KEY TAKEAWAY: By most global comparisons, Australia has a higher proportion of overseas-born residents and a more linguistically and ethnically diverse population than most comparable nations. This diversity is a defining social fact of contemporary Australia.
| Country | Overseas-born % (approx.) | Key Characteristic |
|---|---|---|
| Australia | ~29% | One of world’s highest overseas-born proportions |
| Canada | ~23% | Federal multiculturalism policy; strong immigration intake |
| United States | ~14% | Large immigrant population but lower % than Australia |
| United Kingdom | ~14% | Post-colonial immigration; Brexit context |
| Japan | ~2% | Historically low immigration; homogeneous policy |
| Germany | ~18% | Guest worker history; significant Turkish community |
EXAM TIP: VCAA requires you to compare Australia’s ethnic diversity with other countries. Know at least two comparison countries and one specific statistic for each. Canada is a useful comparison (federal multiculturalism policy, high immigration); Japan is useful as a contrast (historically low immigration, homogeneous population policy).

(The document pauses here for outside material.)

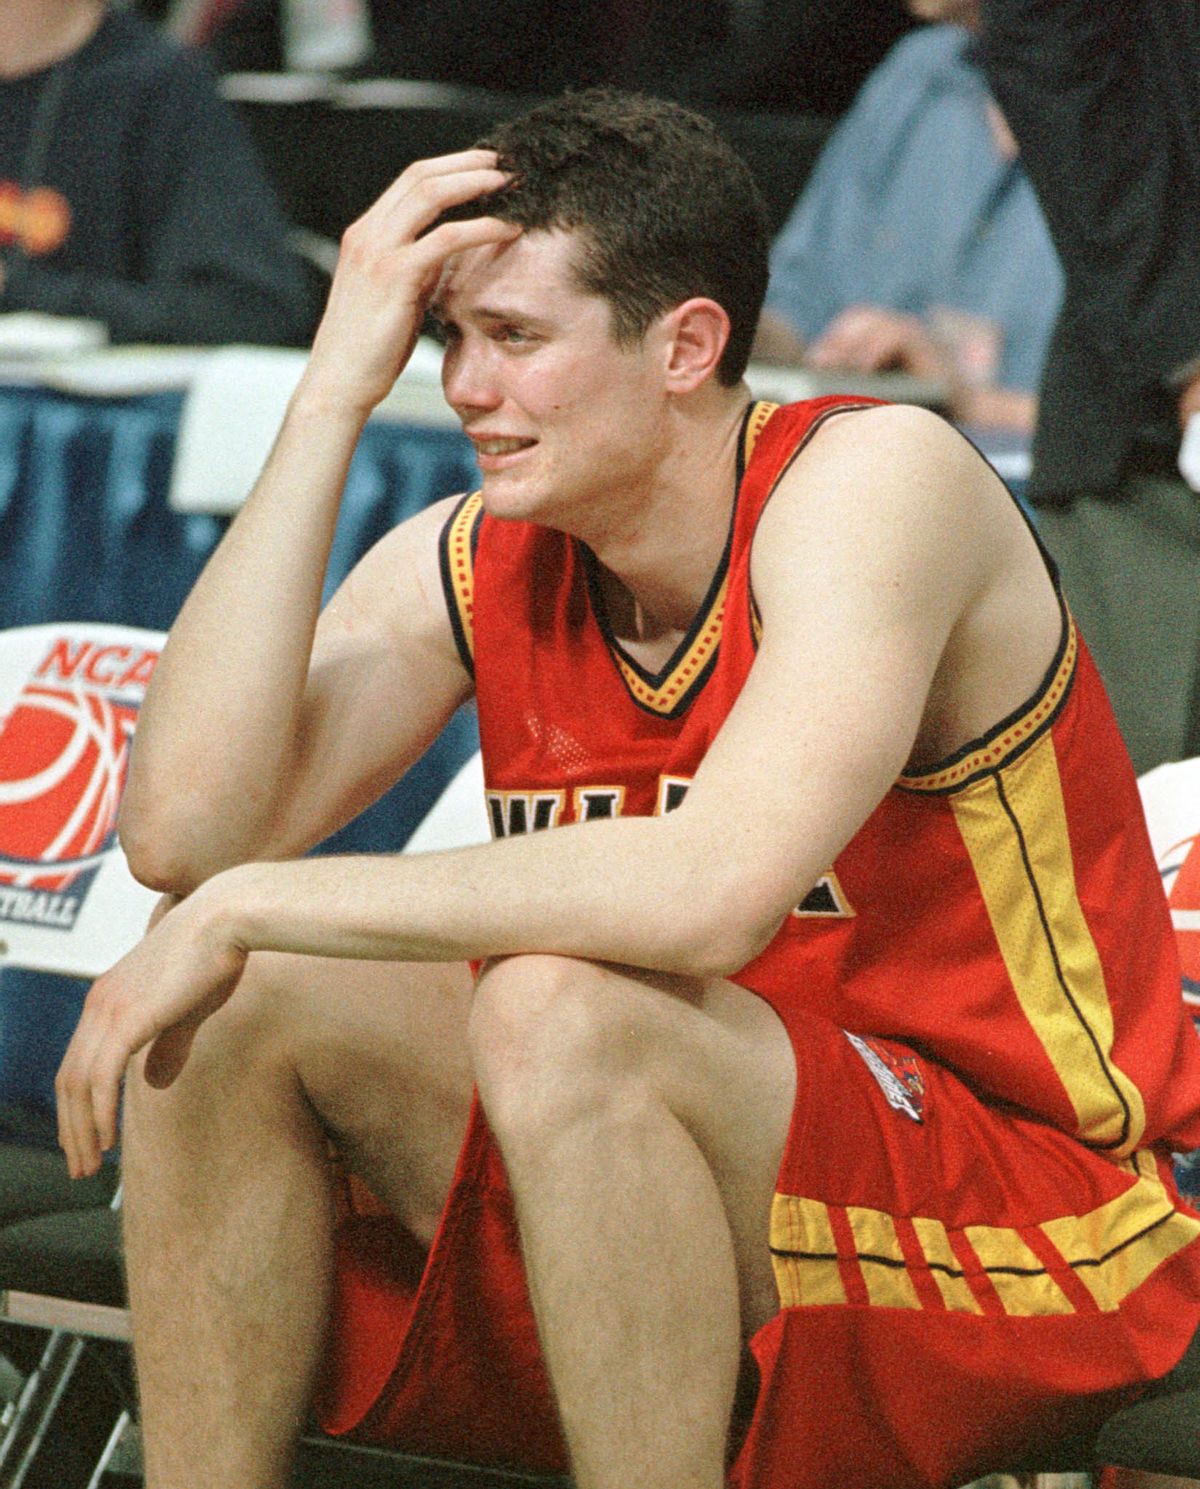 Iowa State University's Paul Shirley reacts during the closing seconds of Iowa State's 75-64 loss to Michigan State University in the NCAA Midwest Regional, March 25 at the Palace in Auburn Hills. Michigan State advances to the NCAA Final Four in Indianapolis. jch/Photo by John C.

JCH/HB (Reuters)

Australia’s model differs from other diverse nations in several ways:
- Federal multiculturalism policy: Unlike the US (which has no formal multiculturalism policy), Australia has an official Multicultural Policy framework
- Points-based immigration: Like Canada, Australia uses a skills-based immigration system rather than the US family-based system
- High proportion of recent arrivals: Unlike the UK or Germany, where significant immigration began post-WWII, Australia has had continuous high immigration throughout its modern history
VCAA FOCUS: The comparative perspective methodology is explicitly named in the study design. Practise framing Australia’s diversity in relation to at least two other countries. Use specific statistics, not just general claims about “high diversity.”